= Second Apocalypse of James =

Christian Gnostic text

The Second Apocalypse of James is a Gnostic writing. It is the fourth tractate in Codex V in the Nag Hammadi library, immediately following the First Apocalypse of James. The order is a deliberate scribal choice, since the first text prepares James the Just for his death as a martyr, and the second text describes his death in detail. The existing Coptic version was likely translated in c. 300 AD from a Greek original written in c. 150 AD (possibly earlier than the First Apocalypse). In the text, James serves as a Gnostic redeemer who tries unsuccessfully to persuade the people to understand God before his martyrdom.

==Summary==
Because of the fragmentary state of the tractate, the speakers are not always clear. The beginning of the text is introduced as a discourse spoken by James the Just in Jerusalem, right before his death, and written down by the priest Mareim and shared with Theuda, father of James. James says to come with his wife Mary and relatives. James claims to have received revelation from the Pleroma of Imperishability and says that he obeyed Jesus. James calls himself the brother in secret who prayed to the Father. He recounts a visit from his step-brother Jesus, whom he did not recognize at first, but who called him "brother."

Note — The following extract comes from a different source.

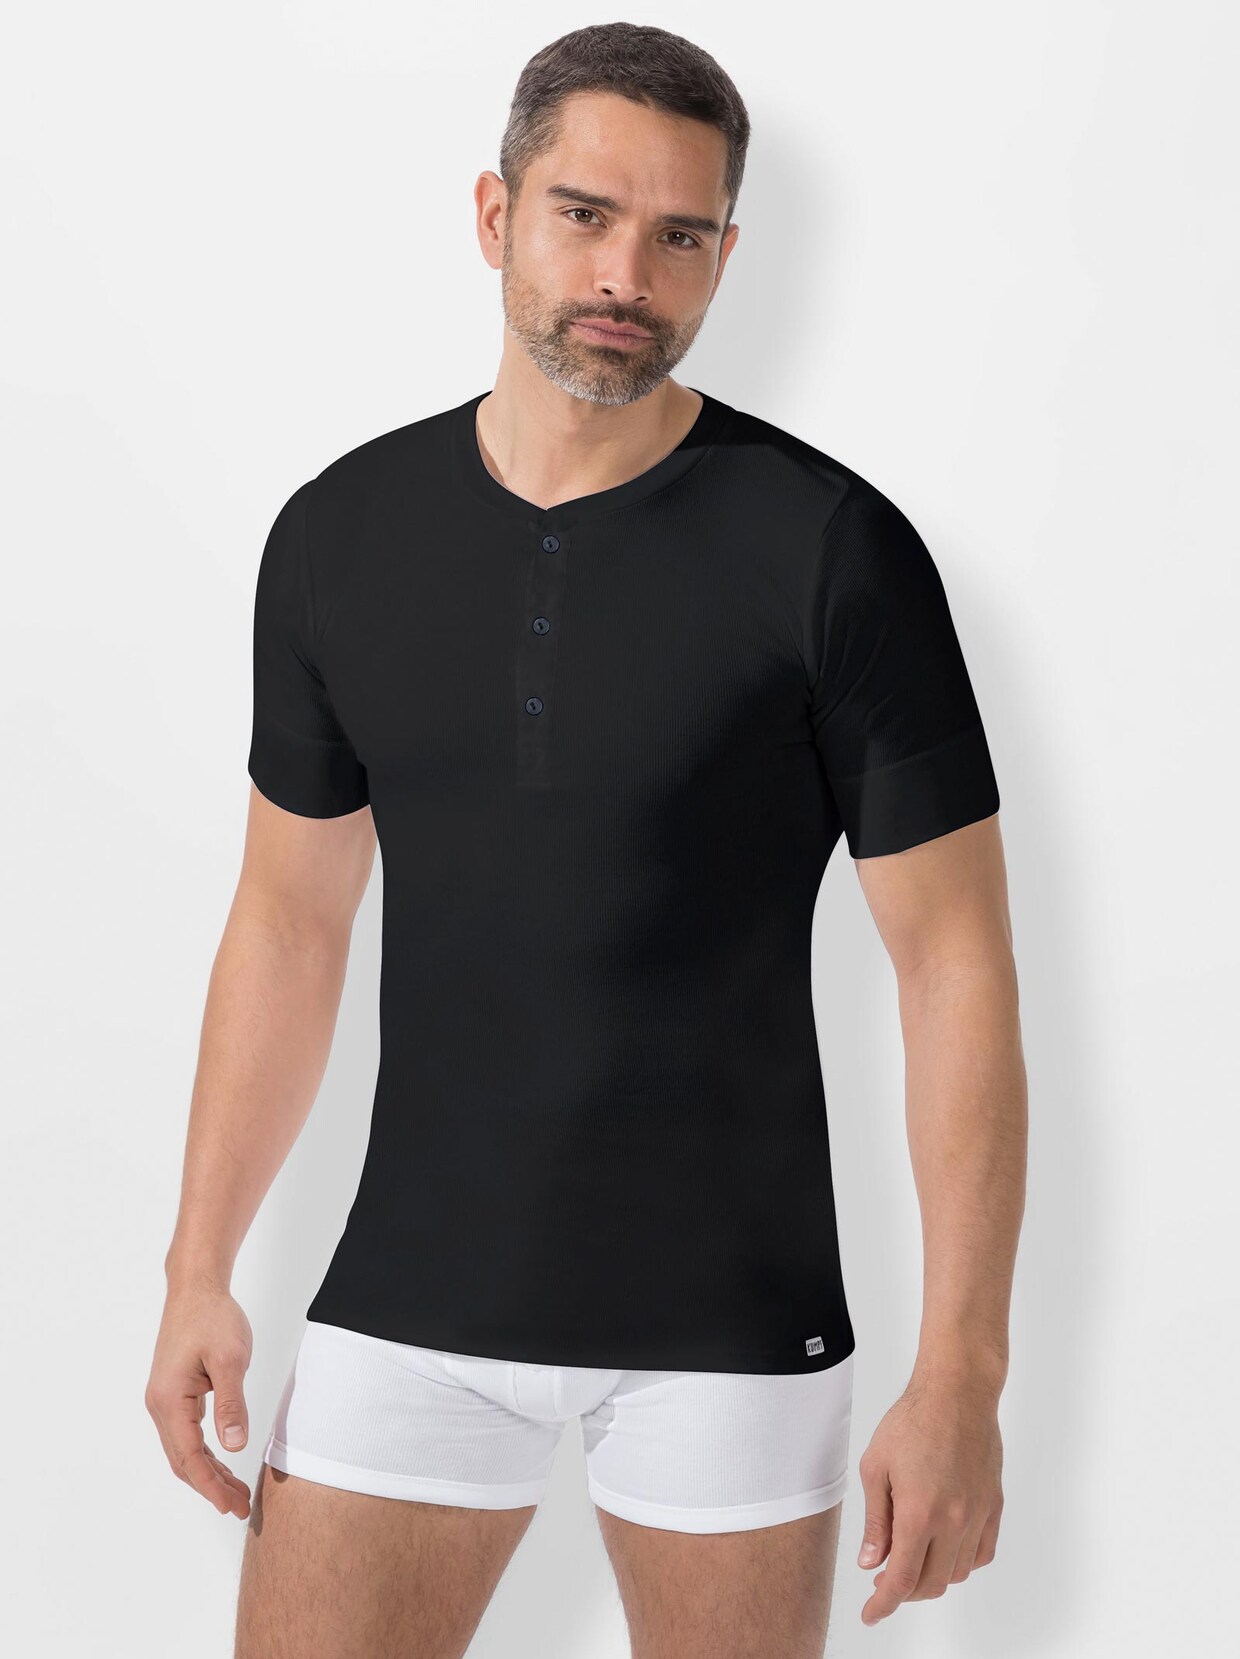 Kumpf Shirt - schwarz

James goes on to talk about the virgin and how understanding the Father can be profitable. James warns about the false ruler, far from the aeons, who uses evil schemes, commits violence, and exercises unjust dominion. James says that the Father has compassion, is not limited by time or possessions, and is superior to those who are below. James saw things from a height and explains how they happened. He wishes to reveal things to those who seek to enter and walk in the way that is before the door. James is an illuminator and redeemer who will bring good among all. Those who are instructed in these things will come to rest and reign.

James states that Jesus kissed his mouth and called him beloved. Jesus claims to reveal hidden knowledge that neither the heavens nor their archons know. He also claims to reveal information that a being who boasts of being the only one and having power over everything did not know. Jesus told James to understand and know these revelations. James advises the crowd to renounce the difficult and variable way and walk in accordance with Jesus. Those who are ignorant are doomed to destruction and derision.

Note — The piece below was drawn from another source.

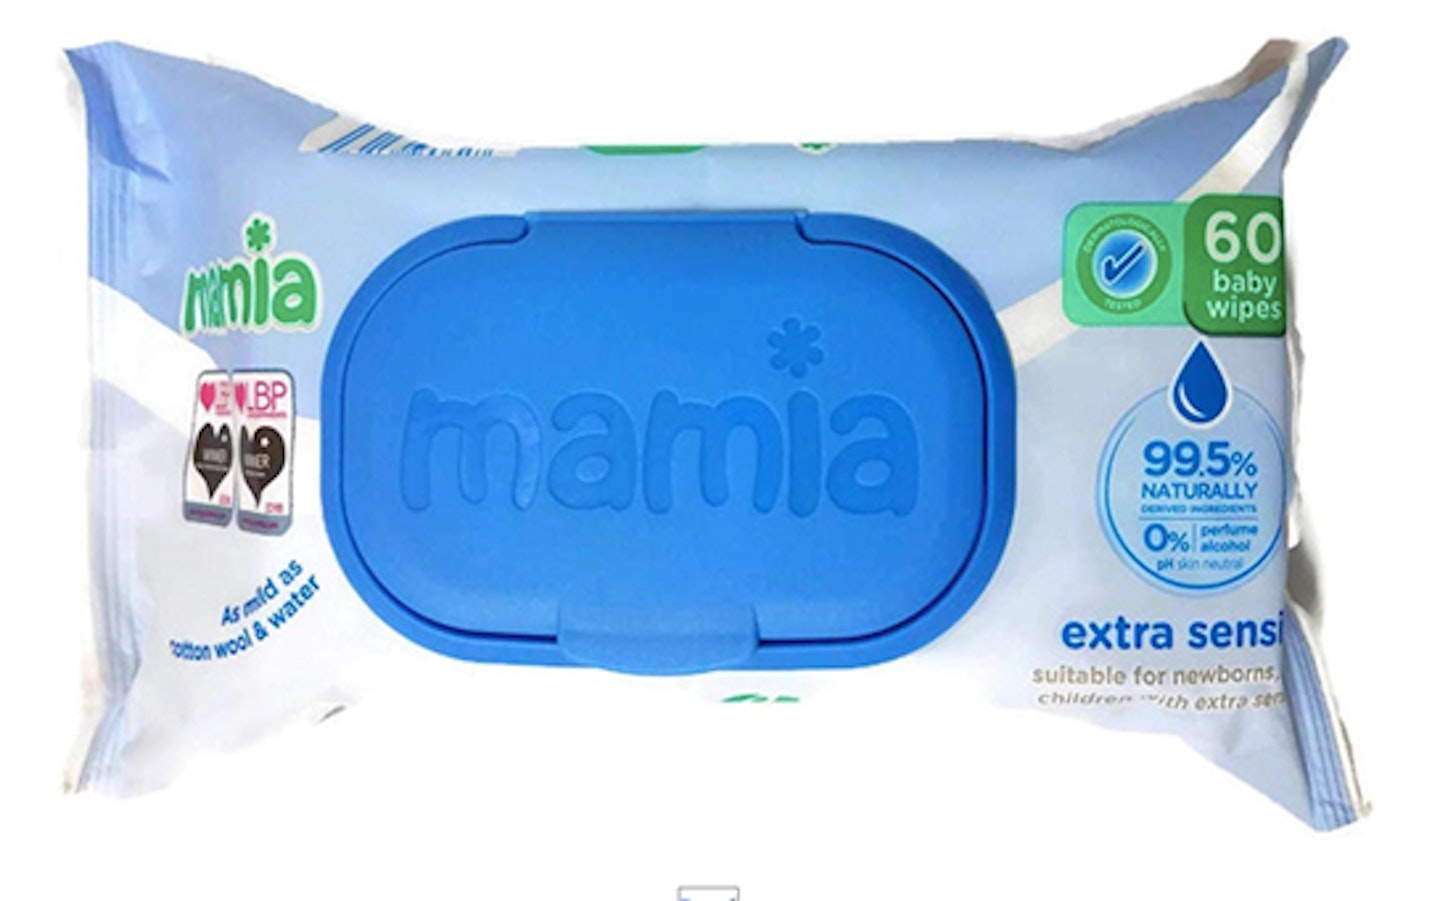 Aldi Mamia Extra Sensitive Baby Wipes

The people are not persuaded by James's speech and decide to stone him to death. They throw him down and drag him upon the ground before stoning him. James stretches out his hands and prays to God to save him from this place of sojourn and sinful flesh. He asks for forgiveness of his debts of the days of his life and renounces everyone except for God. The text ends with the James' falling silent after his prayer.

==Analysis==
The father of James is named as Theuda instead of Joseph. Some Christians consider James the Just to be the same person as James, son of Alphaeus, and so Theuda would be an alternate form of Alphaeus, since both names mean "flow" or "change."

James says that Jesus kissed his mouth, but this kiss is meant as a showing of equal status between them or of familial relation rather than being romantic.

In the text, Jesus calls James "my beloved" twice. Biblical scholar James Tabor believes that James is the disciple whom Jesus loved in the Gospel of John.